- The records:

*** Begin section ***

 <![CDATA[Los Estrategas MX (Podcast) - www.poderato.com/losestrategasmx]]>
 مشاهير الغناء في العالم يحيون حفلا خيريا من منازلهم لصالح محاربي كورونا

*** End section ***
*** Begin section ***

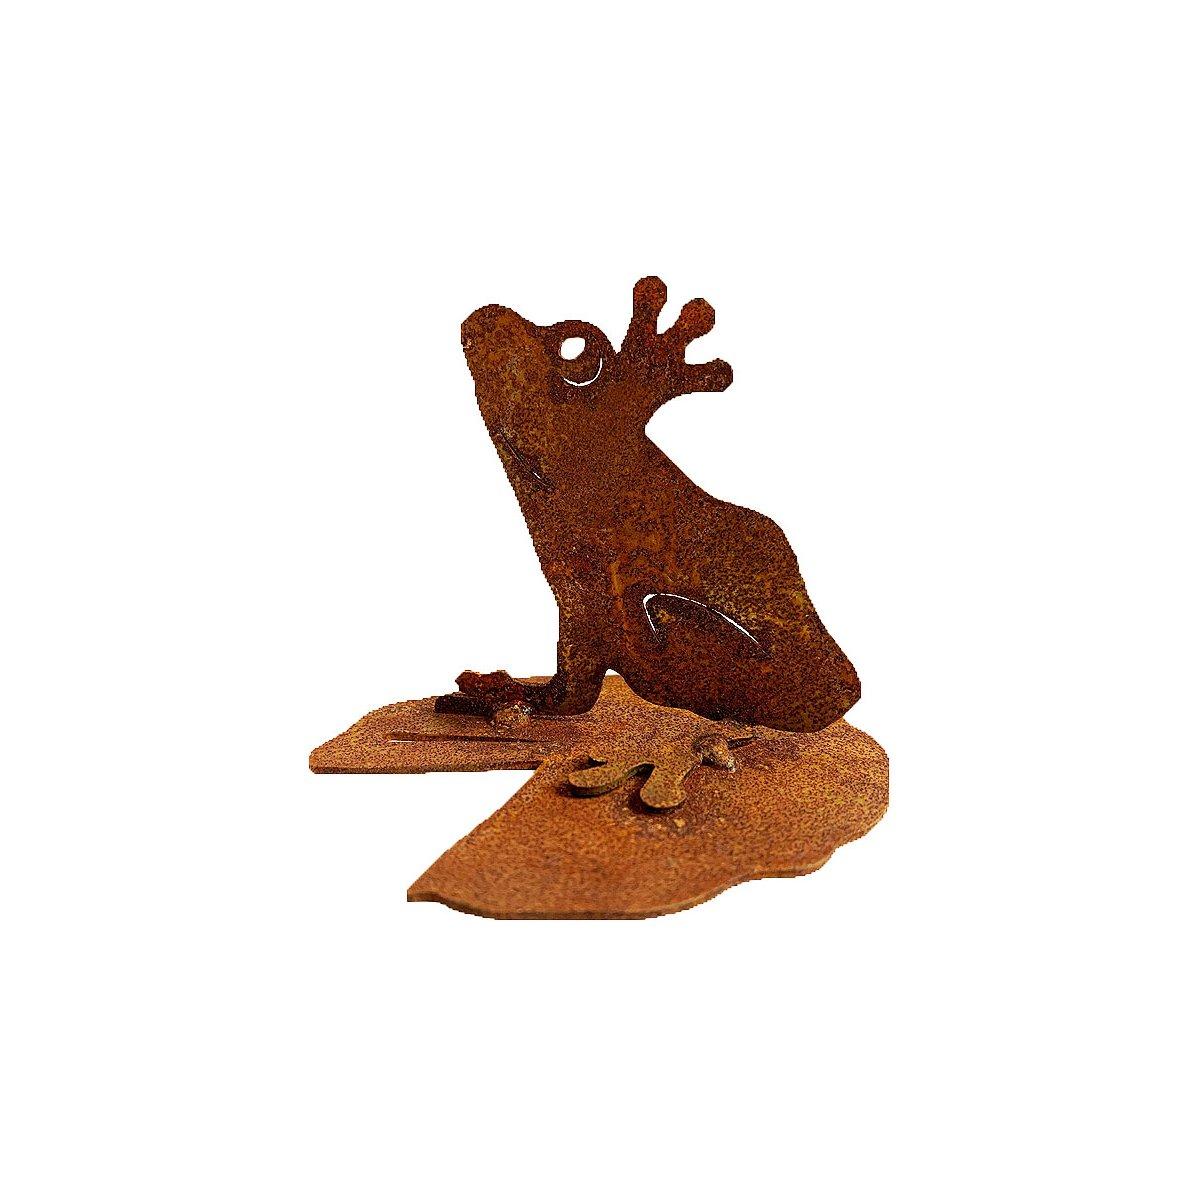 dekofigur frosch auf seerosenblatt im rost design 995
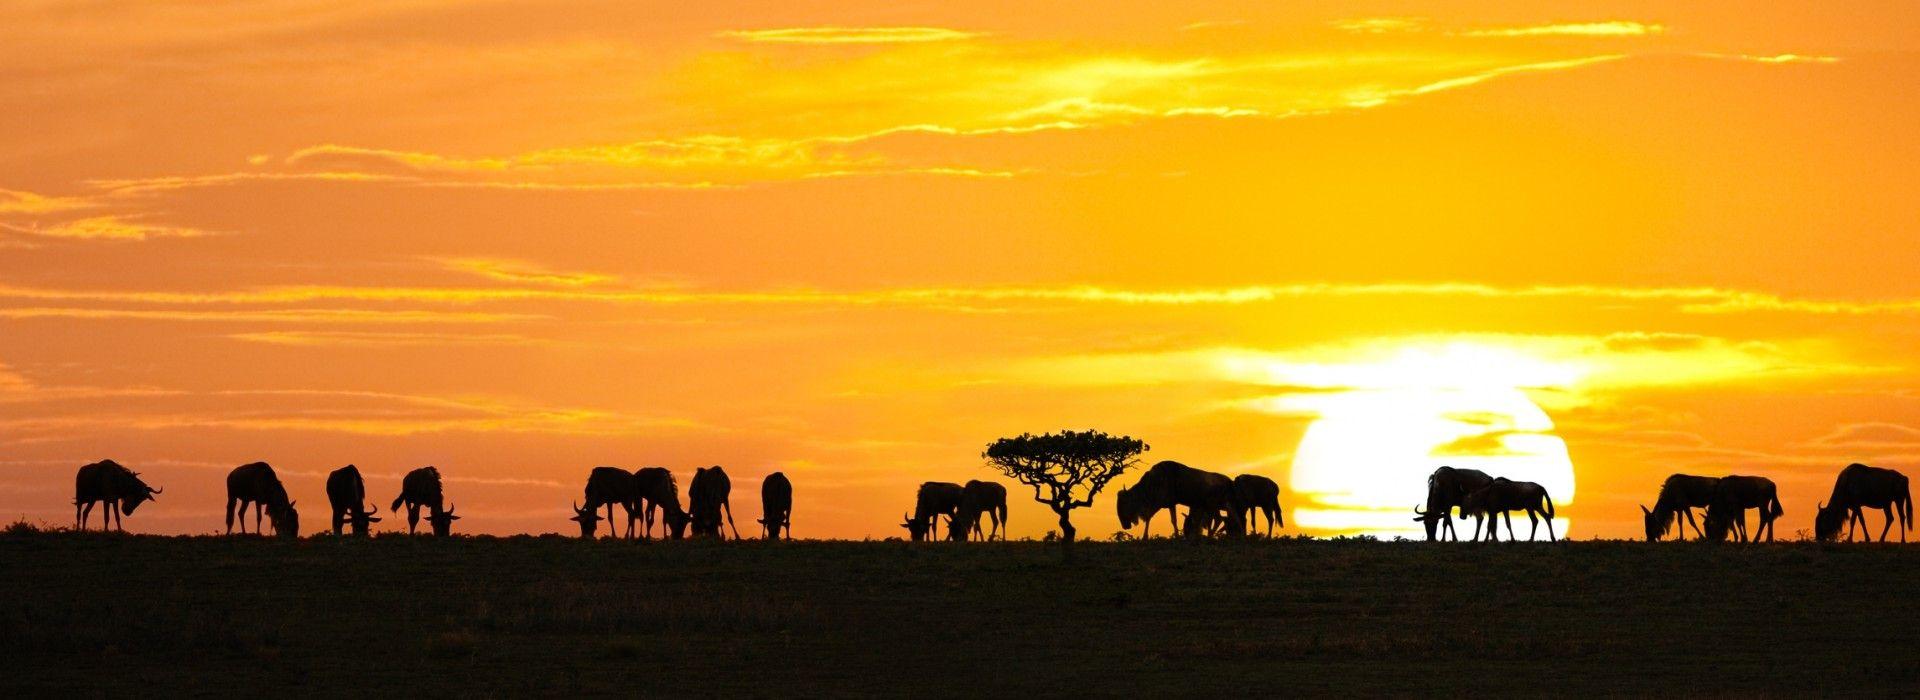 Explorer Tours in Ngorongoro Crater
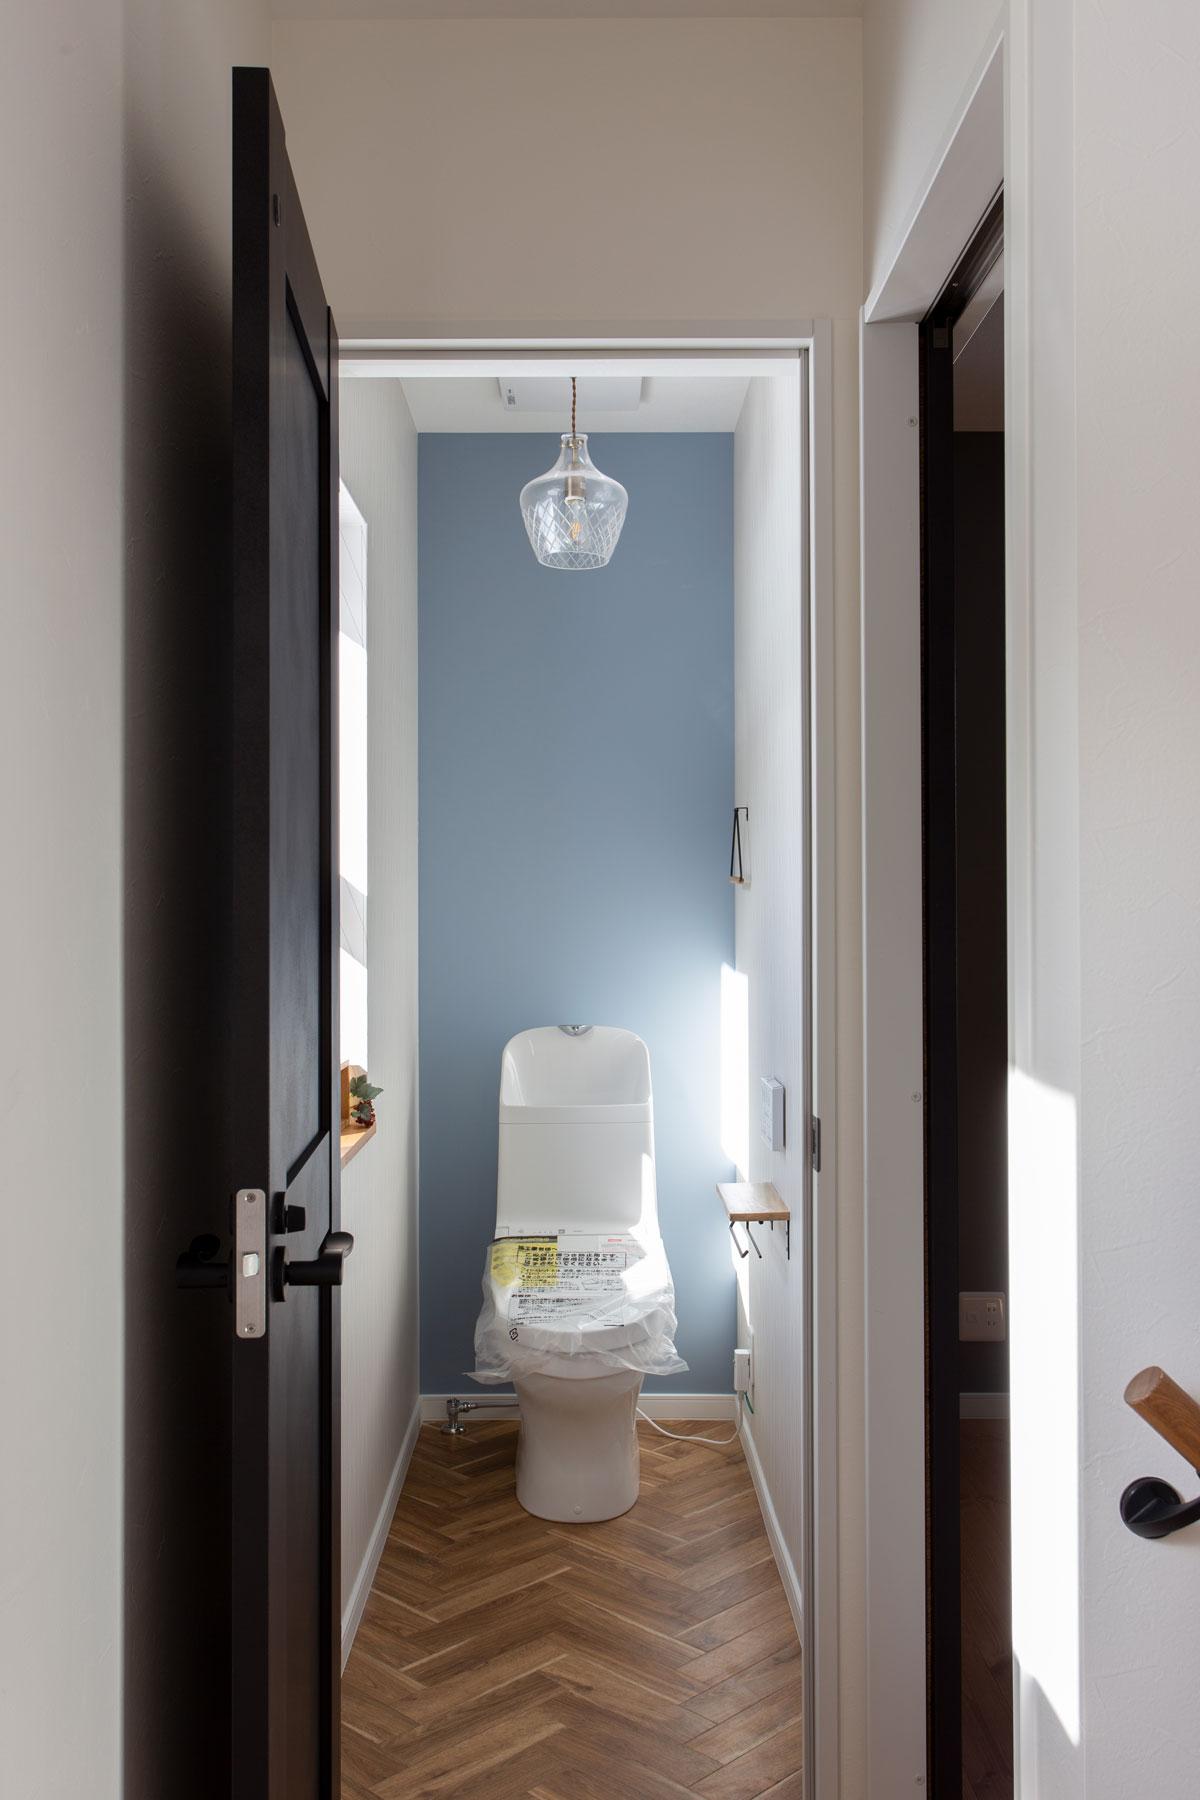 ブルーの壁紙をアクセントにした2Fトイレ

*** End section ***
*** Begin section ***

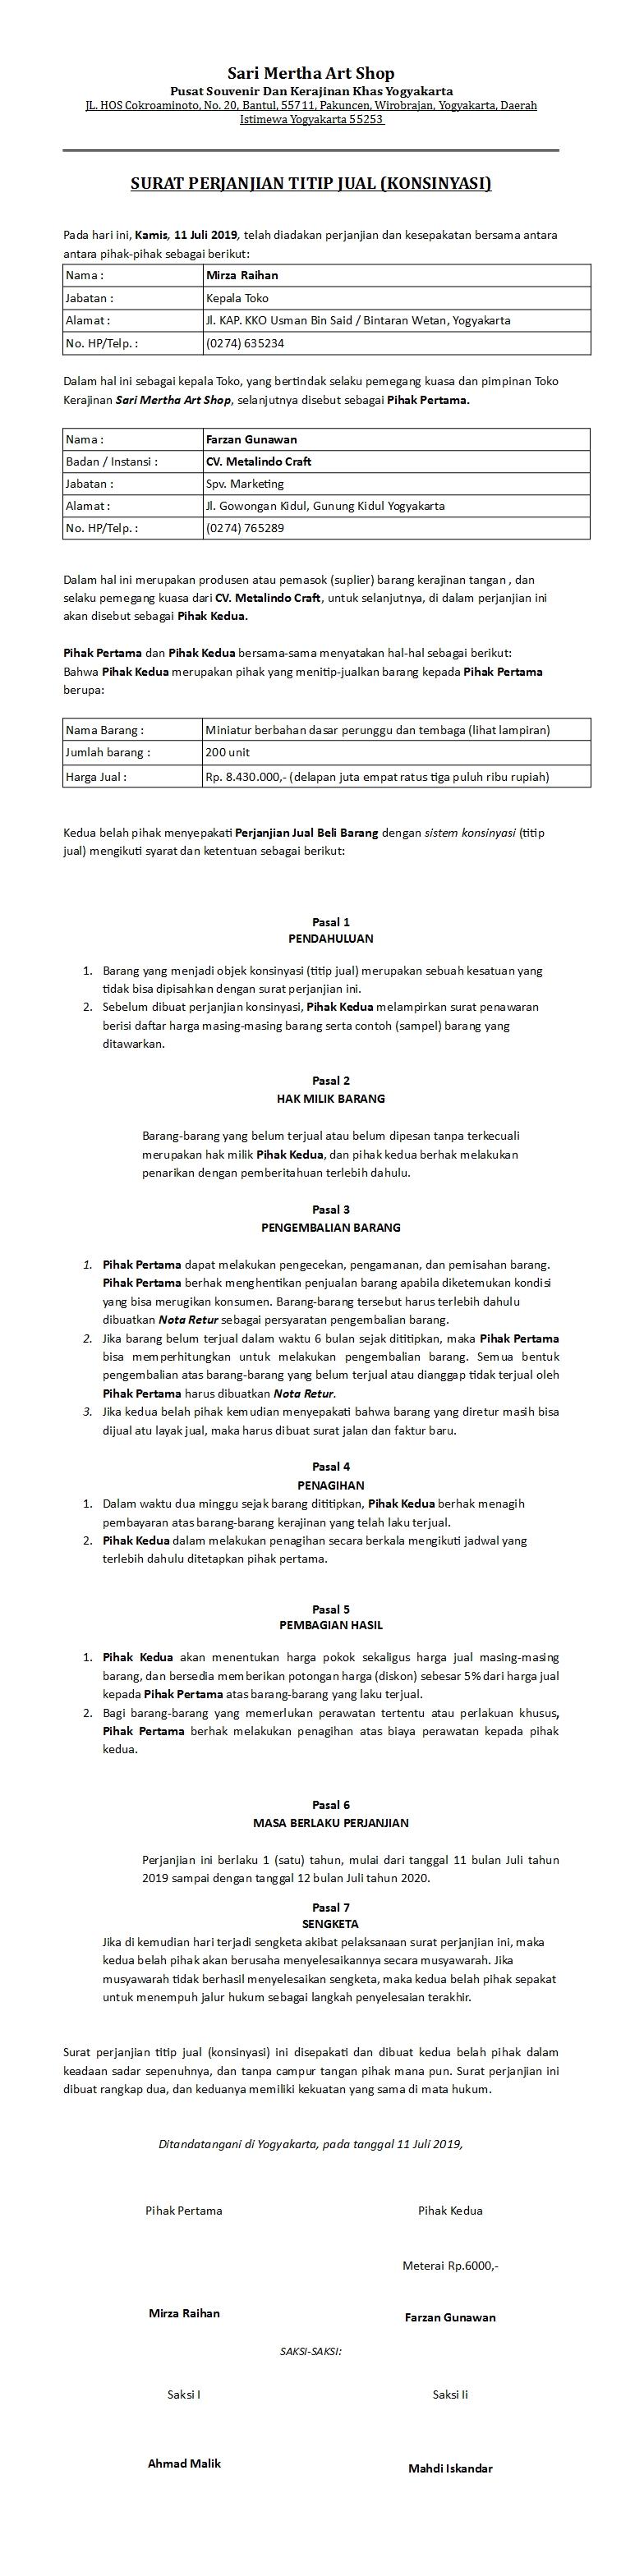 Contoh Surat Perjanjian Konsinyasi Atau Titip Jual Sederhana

*** End section ***

- Problem statement: In the material above, one part opens with the line containing "dekofigur frosch auf" and closes with the line containing "ブルーの壁紙をアクセントにした2Fトイレ". Write out that part exactly and skip its pictures.

- Task response:
 dekofigur frosch auf seerosenblatt im rost design 995
 Explorer Tours in Ngorongoro Crater
 ブルーの壁紙をアクセントにした2Fトイレ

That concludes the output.